IMF İcra Kurulu Direktörleri, resesyonun ardından uygulanan genişlemeci mali politika ve devlet bankalarının hızlı kredi tedariki sayesinde ekonomik büyümenin yeniden tesis edildiğini ancak şu anki görece sakin havanın kırılgan olduğu ve ekonomideki zaafların devam ettiği uyarısında bulundu.
Raporda ilk olarak, küresel mali krizin ardından Türkiye ekonomisindeki büyümenin, dış destekli kredi ve teşviklere dayandığı, bunun sonucunda görülen yüksek cari açık ve enflasyonun yol açtığı dengesizliklerin de ekonomiyi piyasa duyarlılığındaki değişime karşı daha hassas hale getirdiği belirtildi. Bu durumun, Türk Lirası’nda yaşanan değer kaybını ve 2018 yılında da resesyonu tetiklediği vurgulandı.
“Mali disiplin kademeli bir şekilde zayıfladı”
Resesyondan bu yana, devlet bankalarının hızlı kredi tedariki, genişlemeci mali politika ve daha olumlu dış koşulların etkisiyle, Türkiye ekonomisinin yeniden büyümeye başladığı, piyasadaki baskının azalmasıyla Türk Lirası’nın da toparlanmaya başladığı belirtildi. İthalatın daralmasının ve güçlü bir turizm sezonu geçirilmesinin cari açığın uyum sağlamasında etkili olduğuna, enflasyonda sert bir düşüşün görüldüğüne, Merkez Bankası’nın politika faizini 2019 Temmuz ayından bu yana 1,000 baz puan indirdiğine dikkat çekildi.
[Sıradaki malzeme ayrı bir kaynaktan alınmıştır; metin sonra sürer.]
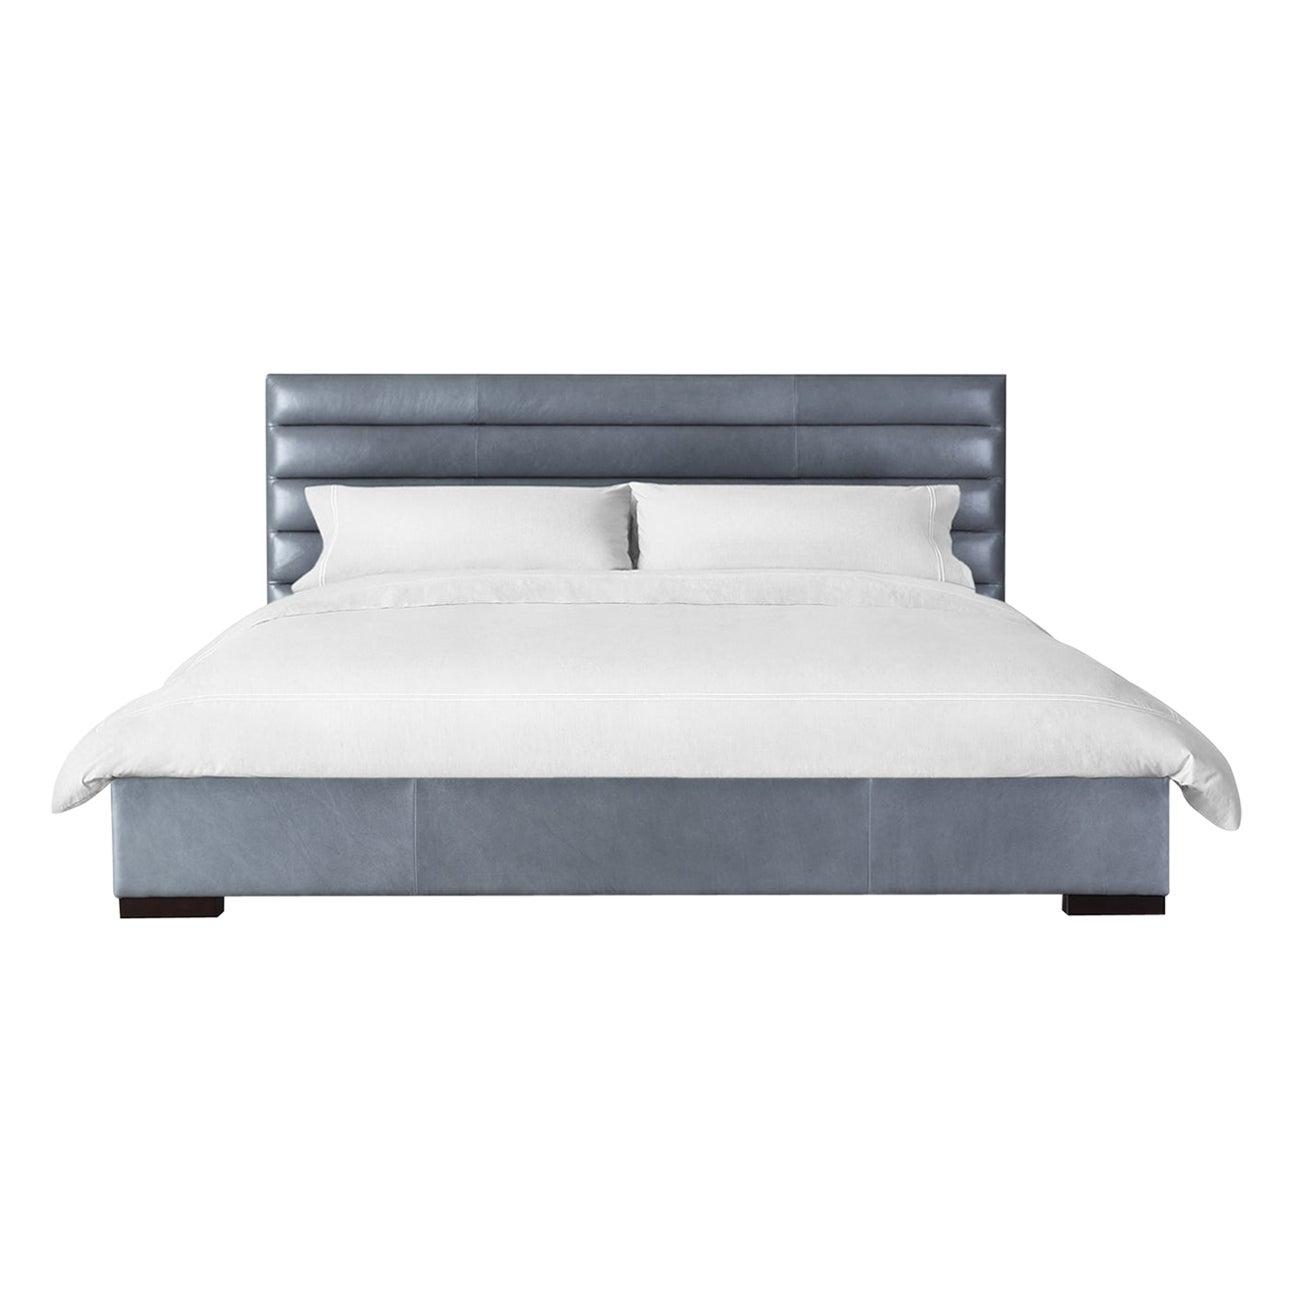 Ben Soleimani Hayworth King Sized Bed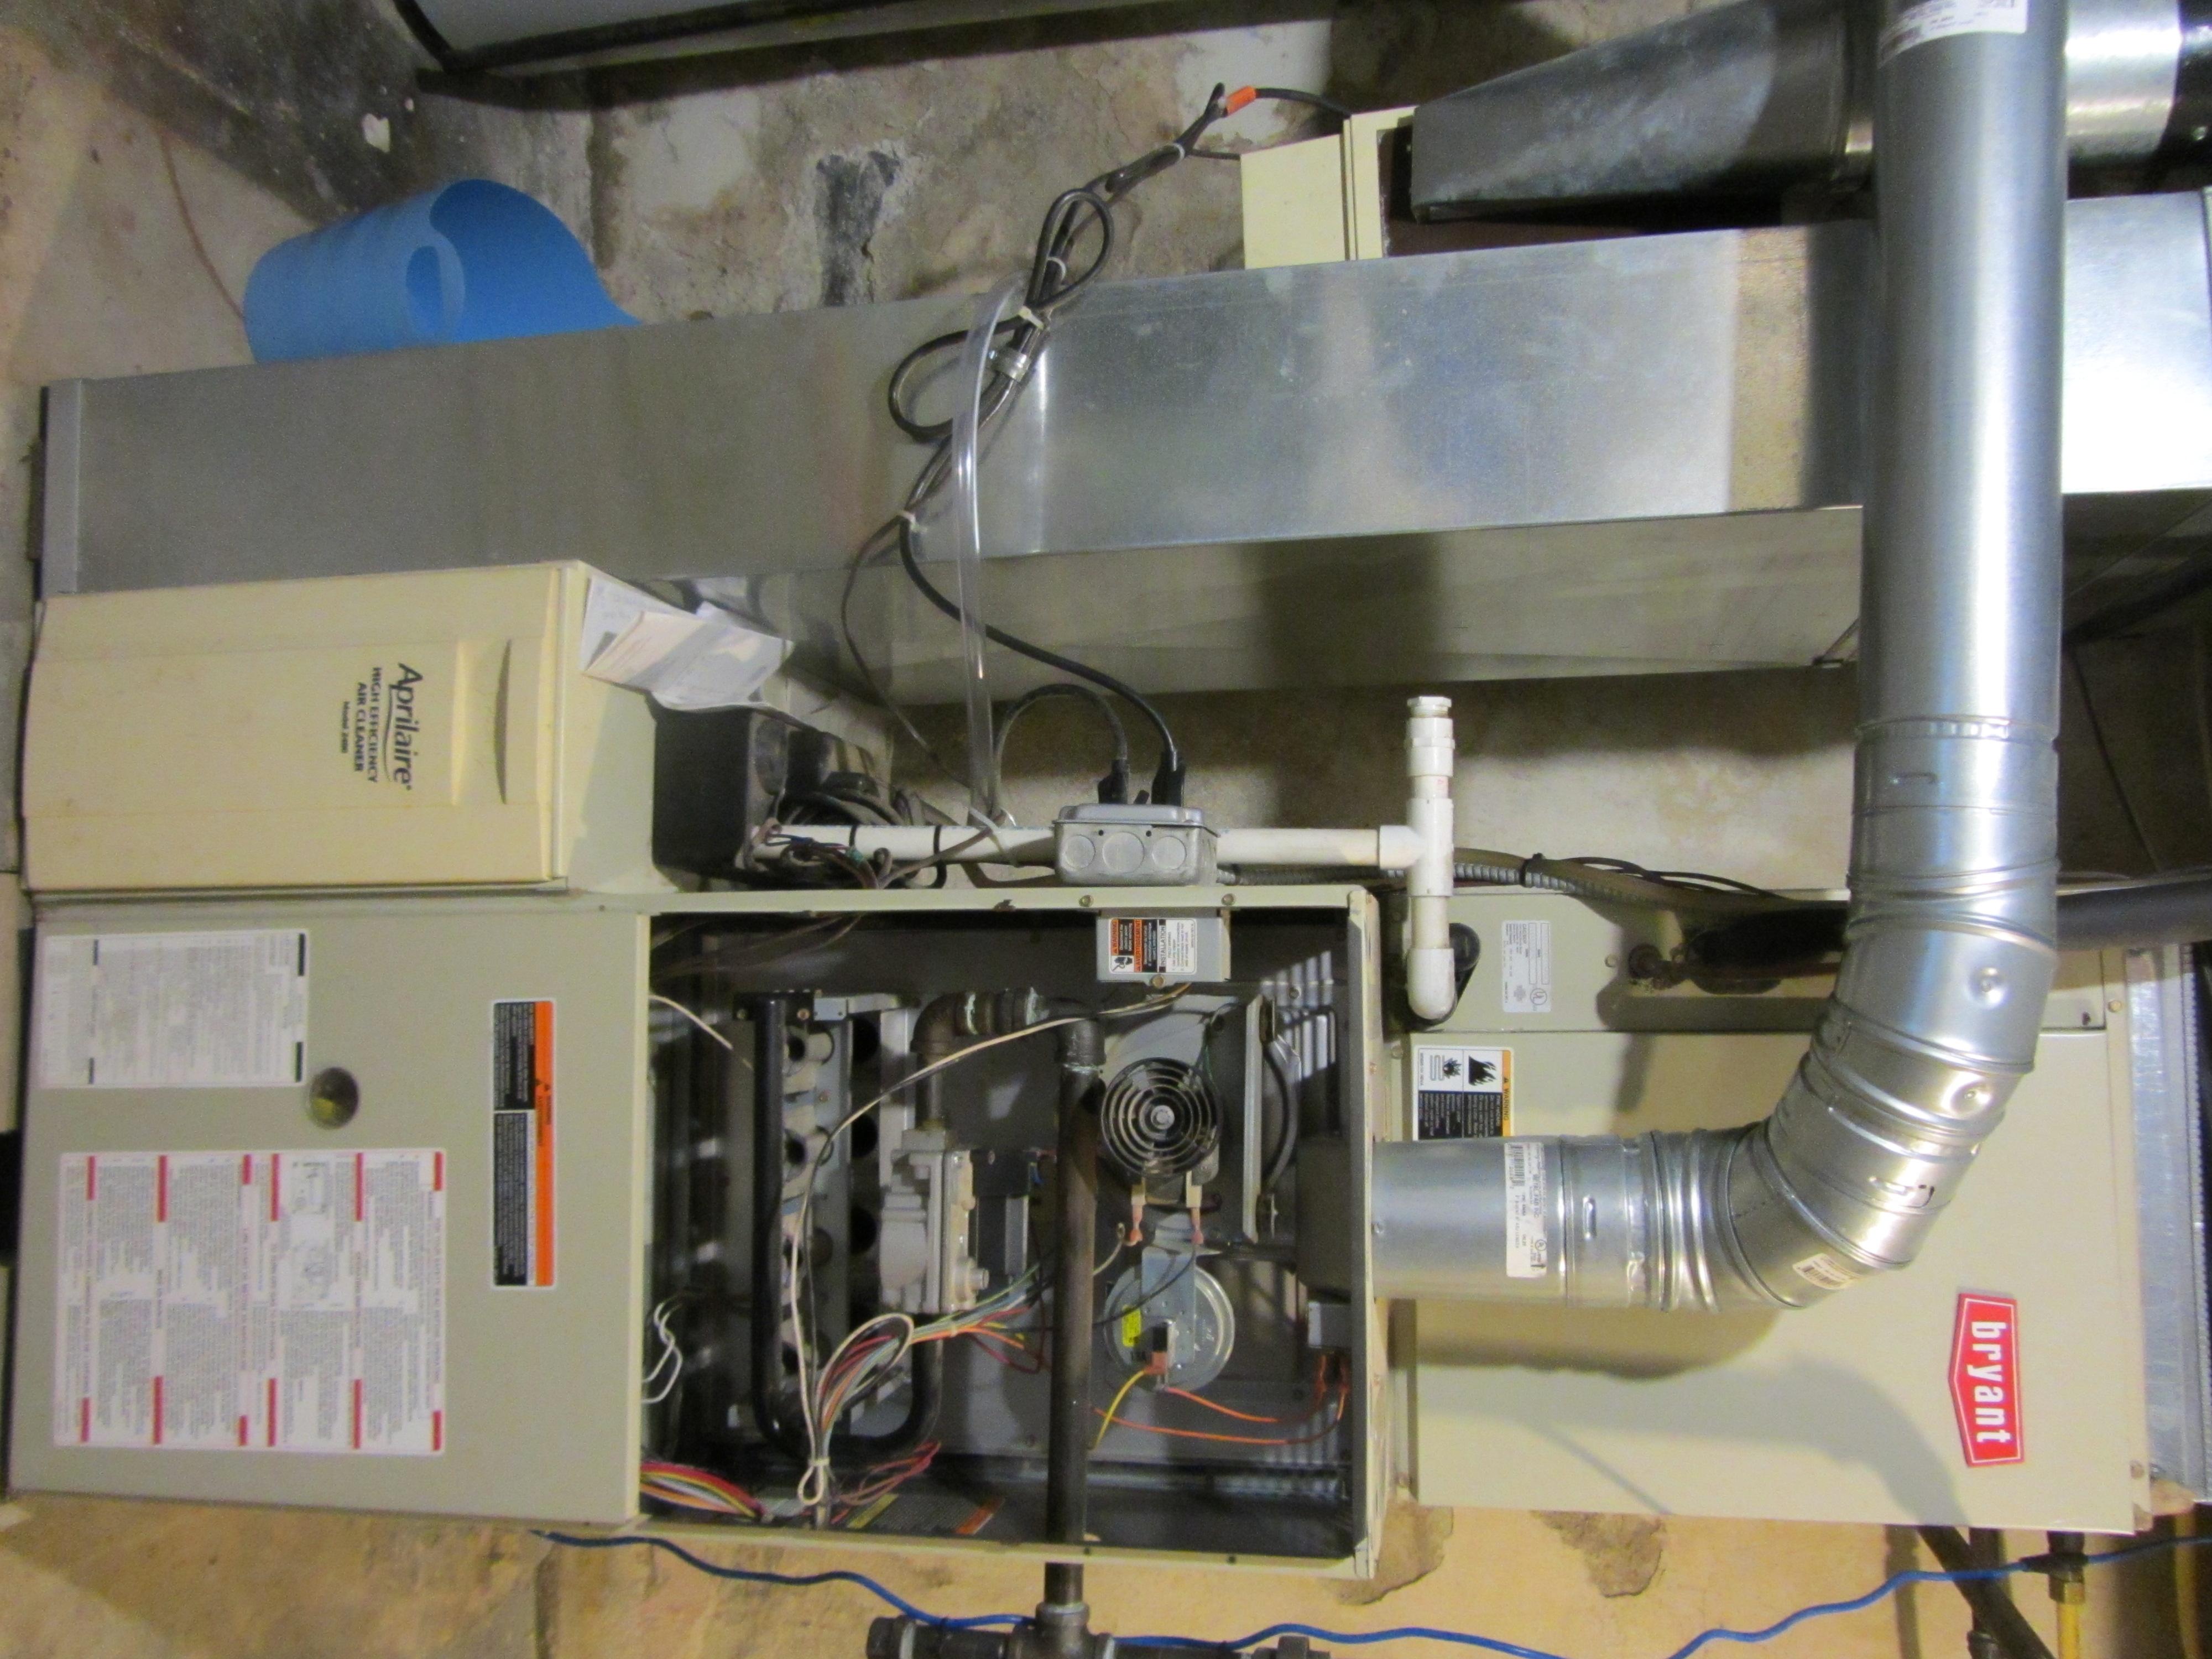 Concord Heat Pump Wiring Diagram : Bryant plus t furnace parts diagram repair wiring scheme

Ancak ekonomi politikasında uzun süredir çıpa görevi gören mali disiplinin kademeli bir şekilde zayıfladığı vurgulandı.
Devlet bankaları kredi tedarikini desteklerken, özel bankaların sağlanan kredilerde kesintiye gittiği, rezervlerin azaldığı, dış finans ihtiyacının arttığı belirtildi. Kamu borcu düşük olsa da, mali açığın büyüdüğü, olası risklerin boyutuna ilişkin belirsizlik ve olası borç çevirme baskısının da mali açıdan manevra alanını daralttığının altı çizildi.
“Sağduyulu politikalara ve kapsamlı reform paketine ihtiyaç var”
IMF İcra Kurulu Direktörleri raporda, Türkiye ekonomisinde şu anda gözlemlenen sakin havanın kırılgan olduğu ve ekonomide hala zayıf noktaların olduğu tespitine yer verdi. Bu zaafların giderilmesi için de, sağduyulu politikaların uygulanmasının önemi ve orta vadede daha güçlü ve dayanıklı bir büyümenin sağlanması amacıyla kapsamlı bir reform paketine ihtiyaç olduğu vurgulandı.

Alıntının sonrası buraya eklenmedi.